Monday, 1 July 2019

Movie Review: Toy Story 4 (2019)


The fourth chapter in the animated saga of toys who come to life when kids are not looking, Toy Story 4 explores the courage to embrace life's ever-changing phases.

Nine years ago, Woody (voice of Tom Hanks) decided to remain loyal to his owner Andy and forgo the companionship of Bo Peep (Annie Potts), who was boxed up and shipped out. Now Woody finds himself falling out of favour with his new owner Bonnie. He nevertheless helps her through the first day at preschool, where she creates a new toy Forky (Tony Hale) made from craft material briefly dumped in the trash.

Bonnie's family embark on a road trip, and Woody tries to educate Forky on his new role as Bonnie's favourite toy. But the confused Forky escapes the family RV, and Woody goes after him. The two end up at an antique store where Forky is grabbed by the bitter doll Gabby Gabby (Christina Hendricks), who has a broken voice box. Woody re-connects with Bo Peep, and with the help of Buzz Lightyear (Tim Allen) and motorcycle stunt toy Duke Caboom (Keanu Reeves), they have to rescue Forky and reunite with Bonnie.

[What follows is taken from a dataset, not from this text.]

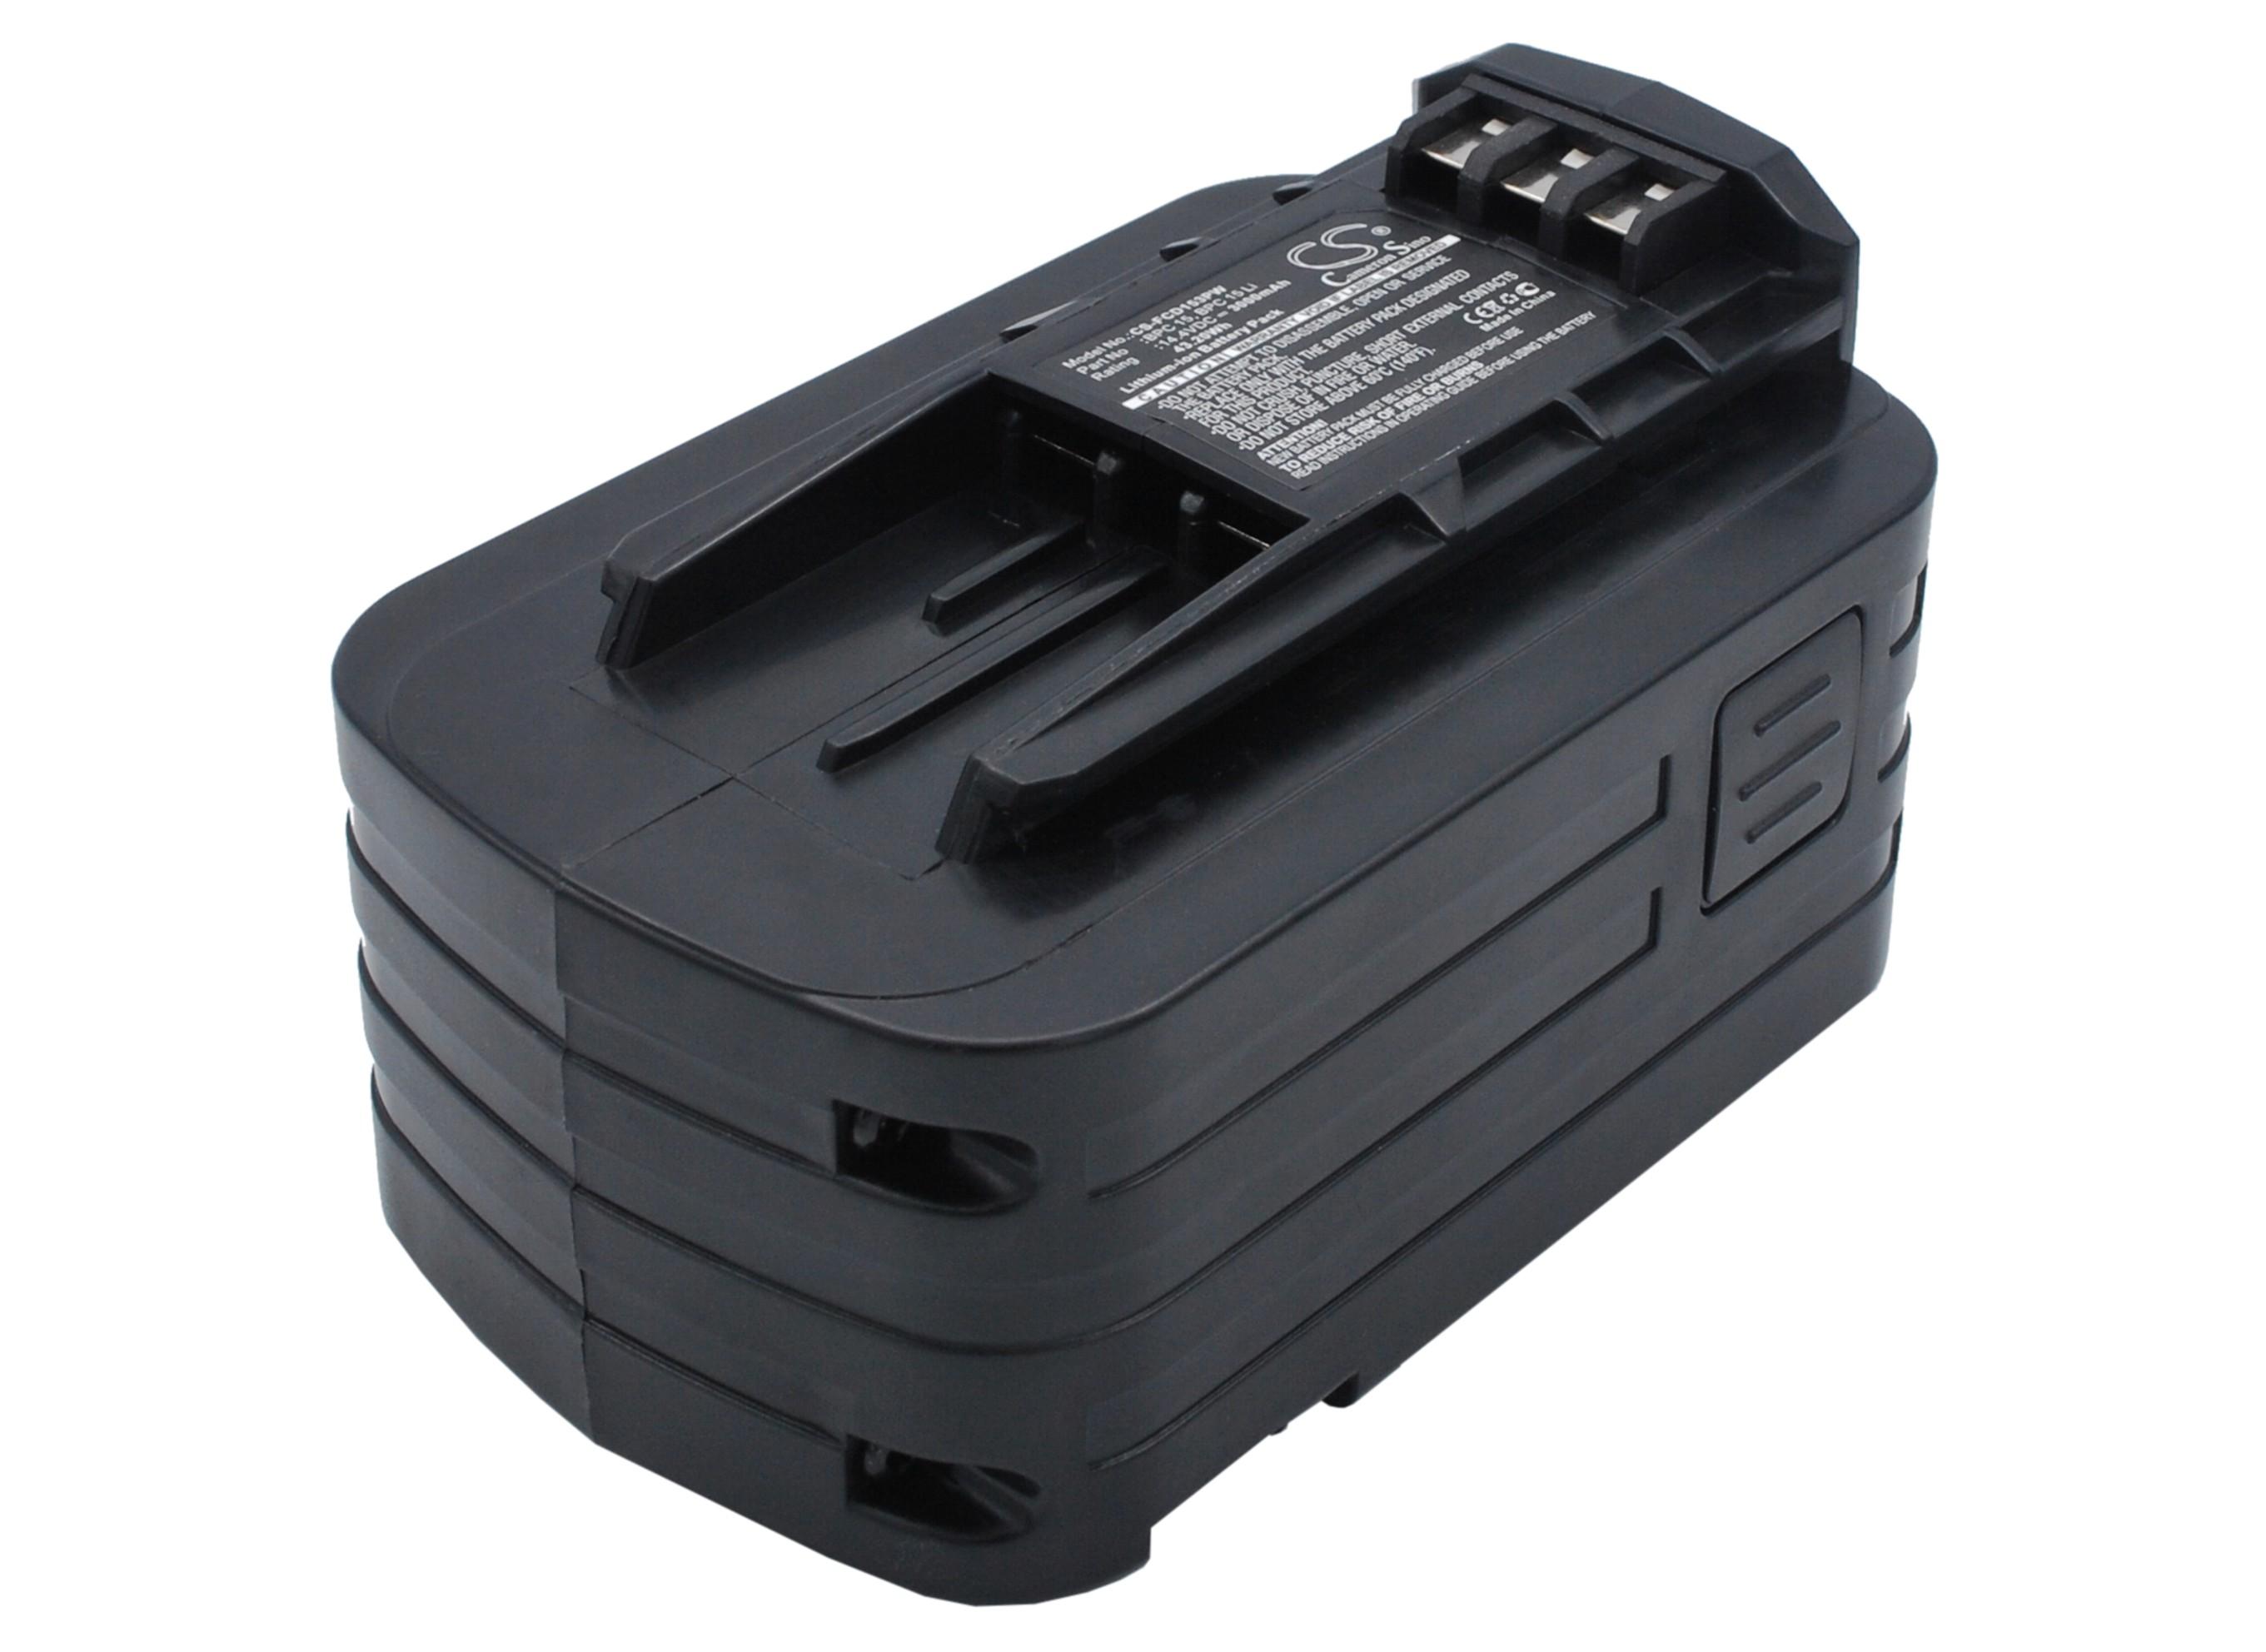 Cameron Sino baterie do nářadí pro FESTOOL T15 Cordless Drill/Driver 14.4V Li-ion 3000mAh černá - neoriginální

The first trilogy arrived at a near-perfect ending, so re-launching the franchise nine years later was a calculated risk. Thanks to a clever and multi-layered script by Stephany Folsom and Andrew Stanton, Toy Story 4 is a worthy addition to the adventures of Woody, Buzz Lightyear and their pals. The film contains perfect doses of madcap adventures, sharp humour, new toys, as well as lessons in friendship and loyalty. And this time Woody's strong value system is challenged in new and unexpected ways as his emotional landscape changes again.

The main new theme arrive courtesy of Bo Peep, who has embarked on a life of freedom and independence away from serving a child's happiness. She is exploring the world on her own terms and having plenty of fun doing it. In addition to the forceful message of female strength and empowerment, her unapologetic stance is completely at odds with everything Woody knows and stands for. But gradually, combined with Bonnie confining Woody more frequently to the dark closet and playing with other toys, Bo Peep's lifestyle starts to make a lot more sense.

Director Josh Cooley also has another interesting narrative thread to pursue. Gabby Gabby is introduced as the villain of the piece, her entourage of ventriloquist doll goons prime candidates for inducing nightmares among young viewers. But the film's commitment to delving beneath superficialities is laudable, and Gabby Gabby has her own backstory and quest to fulfil. Woody is again faced with an exceptionally difficult decision to make, and once again his current status relative to Bonnie will influence his actions.

Visually Toy Story 4 continues to achieve new levels of excellence in computer animation, and the screen is often rich with crisp content and stunning details. Various intriguing settings afford the animators opportunities to flex their muscles, from the RV's interior to expansive carnival grounds teaming with activity. The ramshackle antique store emerges as the film's most memorable locale.

While all the old favourites are here and Bo Peep's promotion to a strong female central role is a welcome boost, the series refreshes the toy line-up with some new arrivees. Most prominent and marketable is the insecure Duke Caboom, a Canadian stunt rider rejected by his first owner because Duke could not live up to his extravagant television advertising exploits.

An excellent use of nostalgia to push into brave new territory, Toy Story 4 builds upon tradition to thoughtfully challenge the status quo.